= AVAILABLE DATA =
[Start of section]
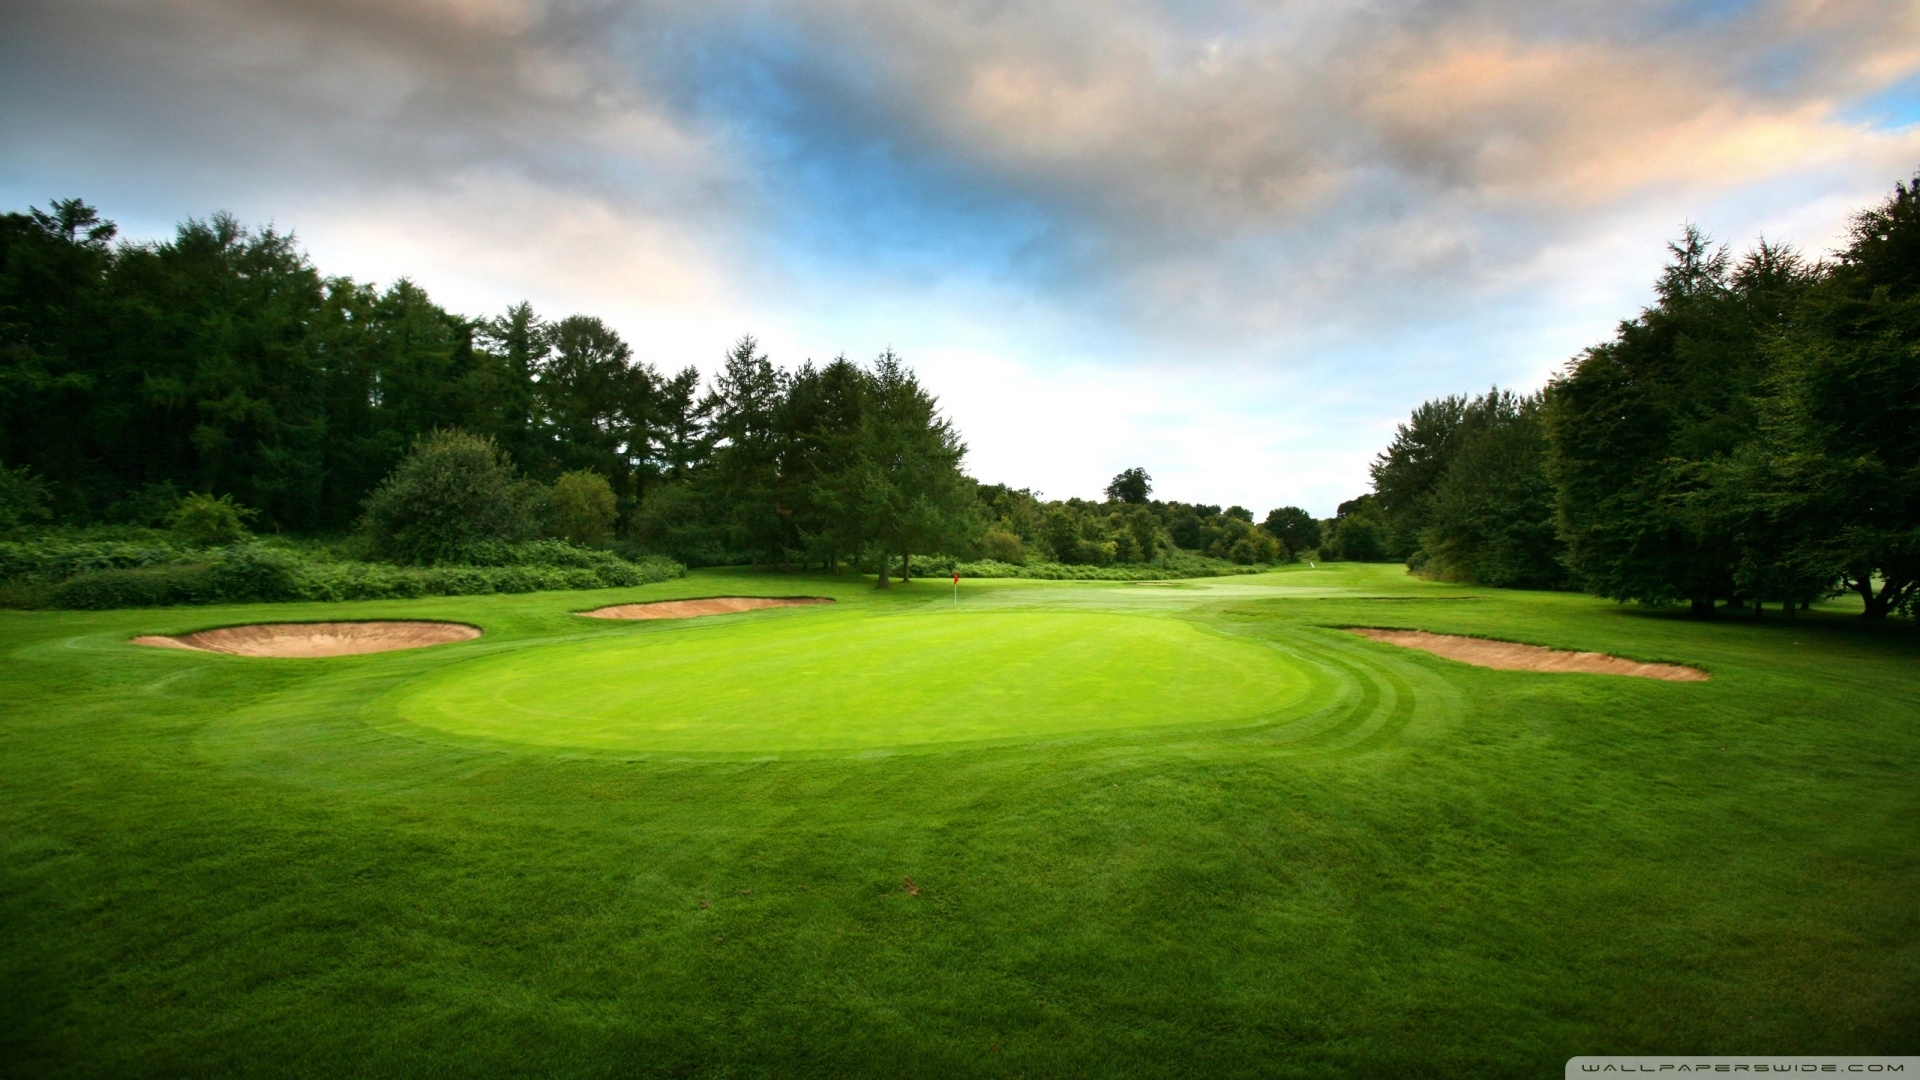 10 Best Golf Course Wallpaper 1920X1080 FULL HD 1080p For ...
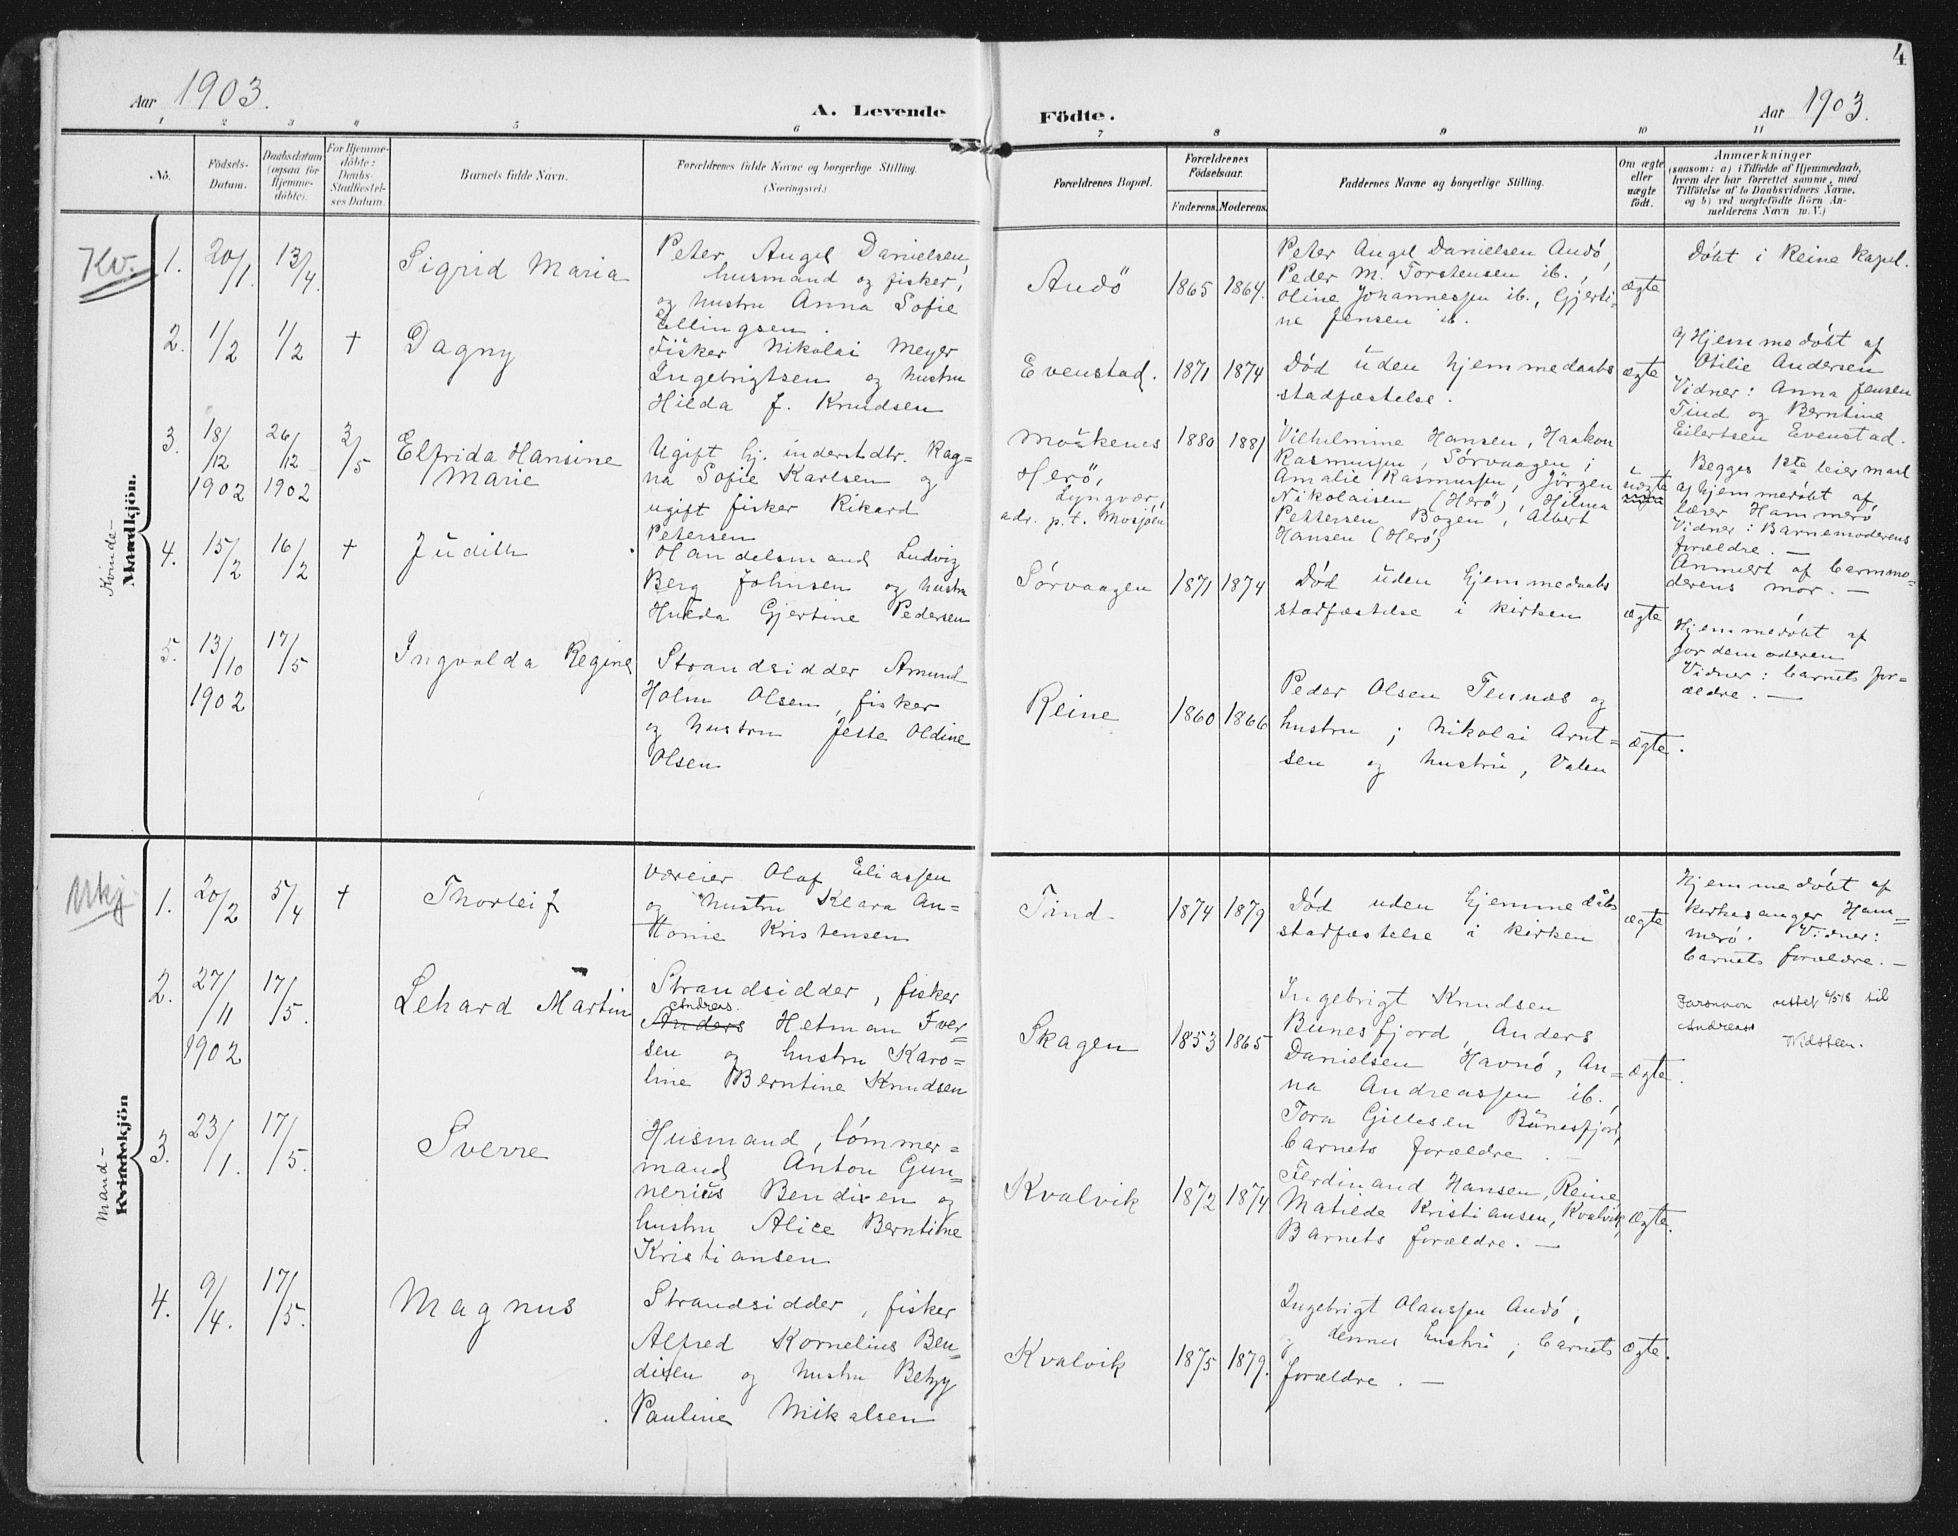 SAT, Ministerialprotokoller, klokkerbøker og fødselsregistre - Nordland, 886/L1221: Ministerialbok nr. 886A03, 1903-1913, s. 4
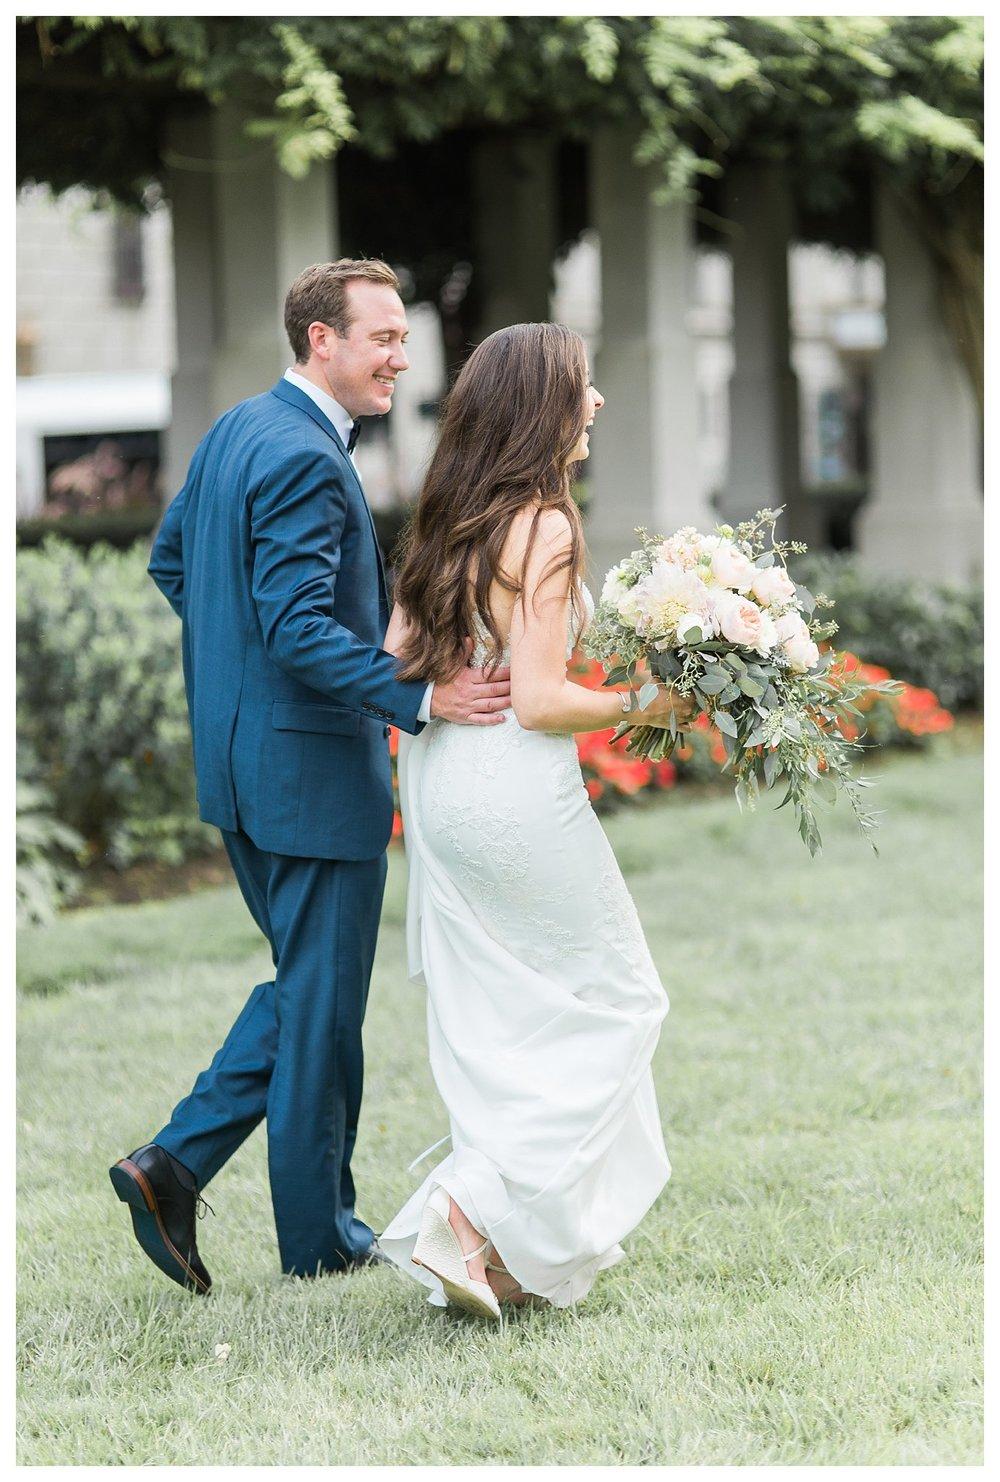 everleigh-photography-cincinnati-wedding-photographer-the-backstage-event-center-adamandlauren-58
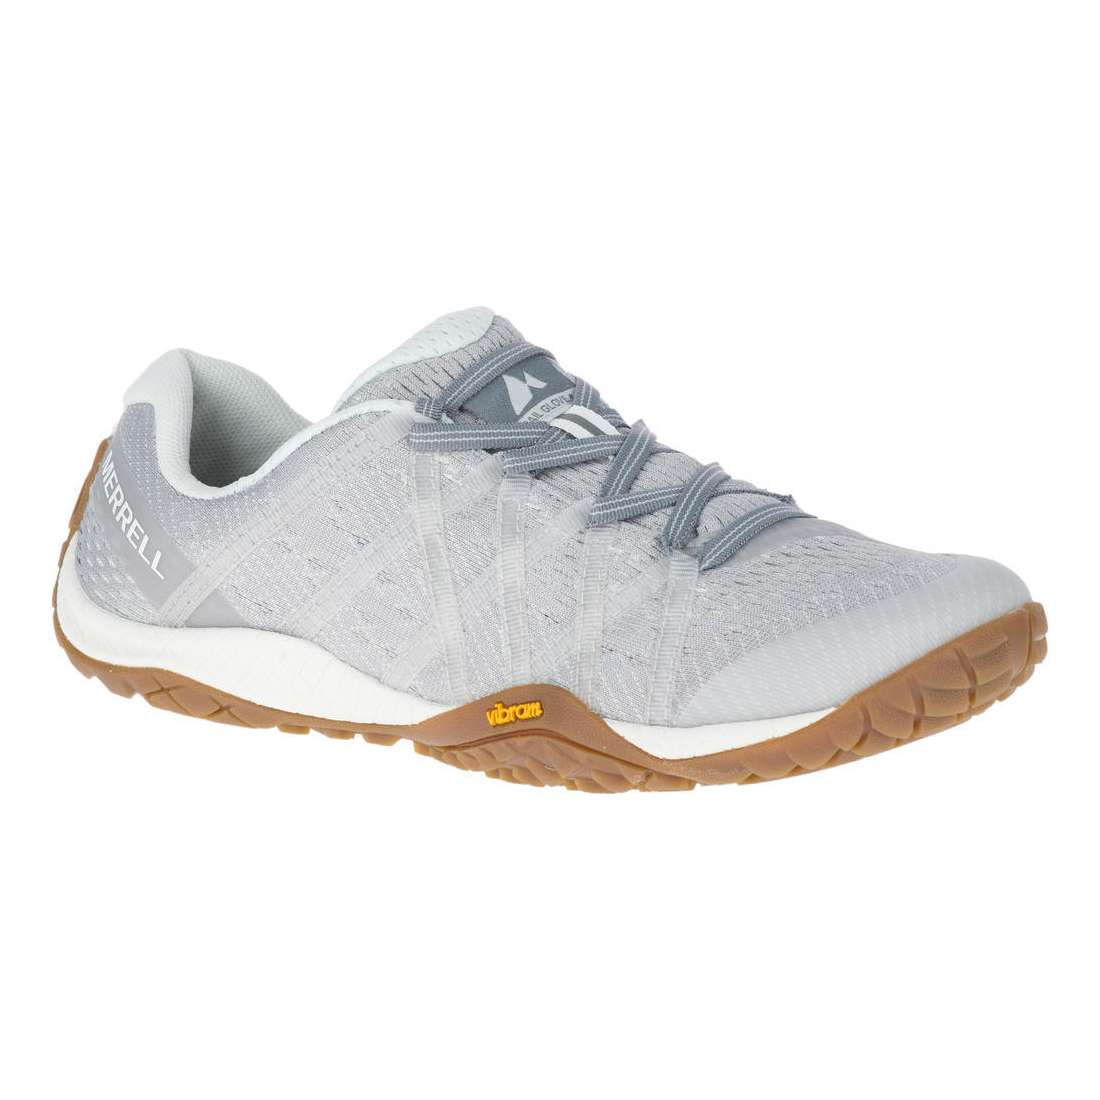 designer fashion quality design popular brand Merrell Trail Glove 4 E-Mesh Women| shoes minimalist trail
[End of section]
= WORK TO COMPLETE =
Please copy the data shown above word for word, omitting the pictures.

= SOLUTION TO THIS EXERCISE =
 10 Best Golf Course Wallpaper 1920X1080 FULL HD 1080p For ...
 SAT, Ministerialprotokoller, klokkerbøker og fødselsregistre - Nordland, 886/L1221: Ministerialbok nr. 886A03, 1903-1913, s. 4
 everleigh-photography-cincinnati-wedding-photographer-the-backstage-event-center-adamandlauren-58
 designer fashion quality design popular brand Merrell Trail Glove 4 E-Mesh Women| shoes minimalist trail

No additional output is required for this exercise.